Mais quelques recherches nous font découvrir qu’il s’agit sans doute de travaux de confinement. En effet, des échanges entre différents intervenants et Jean-Claude Niedergang, commissaire enquêteur chargé d’assurer l’étude d’impact de l’installation d’une centrale photovoltaïque, nous apprennent notamment le mobile des travaux réalisés par la ville de Mulhouse: “les travaux de confinement ont bien été réalisés dans l’objectif de développer le projet photovoltaïque”. L’entreprise en charge du confinement devant être Vinci-Sogea.

Le souci premier de Niedergang étant de conserver l’intégrité du confinement pendant la réalisation des travaux.
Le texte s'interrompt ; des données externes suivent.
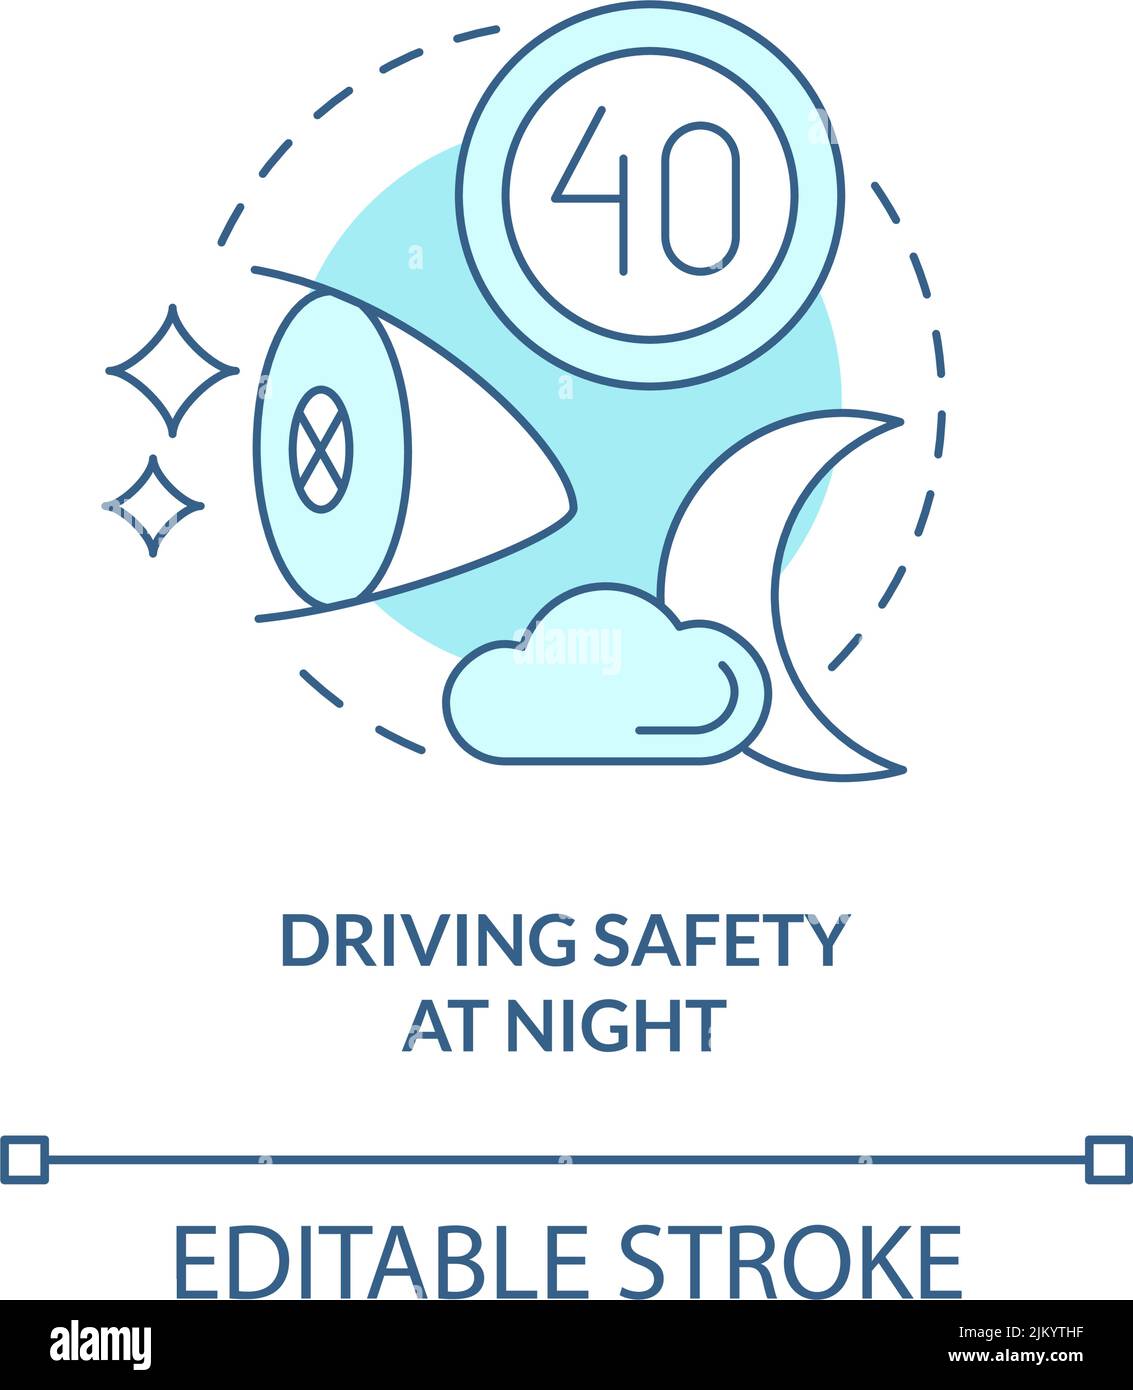 Driving safety at night turquoise concept icon Stock Vector

Ceux-ci étant matérialisés notamment par une clôture ceinturant le site sur une hauteur de 2,50 mètres.

Un souci de confinement bienvenu, puisque Kafka est toujours prompt à revenir hanter l’inconscient de nos décideurs administratifs ou politiques. Ainsi, le 5 avril 2019, la préfecture du Haut-Rhin prenait un arrêté prescrivant un “diagnostic archéologique” sur les lieux du site. Et celle-ci de noter que des vestiges du néolithique et de la période mérovingienne pouvaient s’y trouver, puisque ce fut le cas sur d’autre sites communaux.

Le 5 avril 2019, c’est à dire le même jour, la préfecture prenait cette fois un arrêté abrogeant le précédent arrêté. Tryba Energy, opérateur chargé d’ériger la future centrale, faisant remarquer aux services de l’État qu’il s’agissait d’une décharge, et qu’il n’était donc pas très opportun de déconfiner un site venant d’être confiné à grand frais…

Le patrimoine archéologique attendra donc. Car il s’y trouve bien enfoui, sous quelques mètres de terre. Comme le témoignage d’un messianisme élevé à la gloire de la modernité et de l’industrie, qui achève d’hypothéquer jusqu’à notre existence…

En mai 2019, l’association Alsace nature s’est proposée d’y implanter une végétation de prairie sèche, à la faveur des orthoptères et hyménoptères “dont certaines espèces sont actuellement en difficulté”. Refus poli de Marie Odile Becker, gérante de l’exploitant Tryba Energy.

C’était pourtant hautement symbolique: de l’ordure naitra la fleur de notre fumier moderne…

A lire ici un nouvel article à ce sujet, portant sur la dimension financière des travaux de confinement.

La commune de Kingersheim fait preuve de transparence, et nous a remis un petit dossier exposant la situation et les enjeux liés au devenir du site.

Nos sollicitations auprès de Jean Rottner (1er adjoint de la ville de Mulhouse) sont restées lettre morte.